MOlecular Structure GenerAtor In the Cloud (MOSAIC)

MOSAIC is an OpenStack cloud based conformational search tool developed by C-DAC to explore potential energy surface of biomolecules of interest in parallel mode using semi-empirical method. The tool is useful for finding the target drug ligands. The torsion angle driven conformational search method is useful in a range of chemical design applications, including drug discovery and design of targeted chemical hosts. MOSAIC has easy-to-use interface for the bioinformatics community over Software as a Service (SaaS) platform.

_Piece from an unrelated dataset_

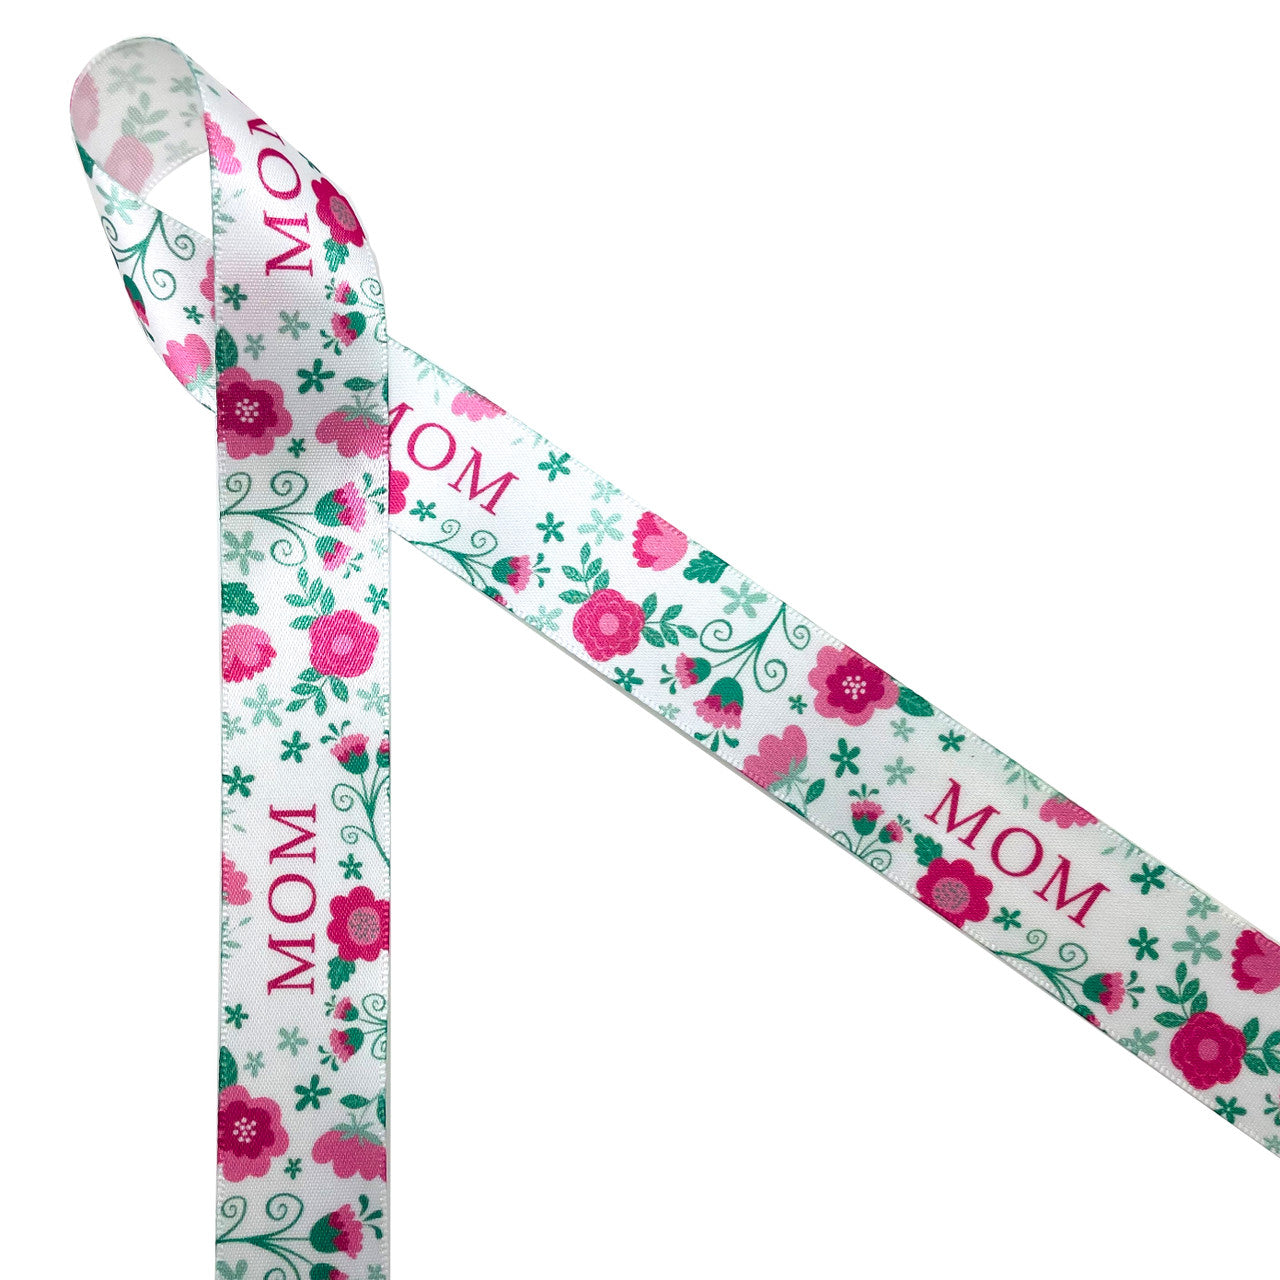 Mom in pink tosses with pink, rose gold and sage floral designs printed on 7/8" white single face satin ribbon is perfect for celebrating Mother's Day! This is a perfect ribbon for gift wrap, Mother's Day brunch decor, floral design, table design and crafts! Be sure to have this ribbon on hand for all the special Moms in your life! Our ribbon is designed and printed in the USA

MOSAIC was launched during 30th Foundation Day of C-DAC on March 27, 2017 at Pune.

mosaic

MOSAIC- Cloud based Conformational Search Tool


A Big Data Platform for Graph-based Pharmacogenomics Data

Pharmacogenomics studies are widely adopted in clinical practices and these help in understanding the effects of drug and its dosage based on individual's genetic makeup. C-DAC has developed Big Data platform by integrating the existing pharmacogenomics data from multiple sources. A web application has been developed with an easy to use interface for querying this integrated database and to visualize results graphically.

pharmacogenomics

Visualization of Pharmacogenomics data using Big data Platform


H-bond Bigdata Analysis Tool (H-BAT)

Molecular Dynamics (MD) is a computational technique that utilizes Newton’s equations of motion to study the dynamics of various biomolecules and is commonly used by structural biologists. Currently, there is a need to have advanced analytics platforms and algorithms which can analyze data faster and more efficiently. C-DAC implemented an algorithm within the map and reduce paradigm to calculate hydrogen bonding (including water-water interactions) in large trajectories. Benchmarking of the algorithm brought out a linear scalability with up to 5TB of data.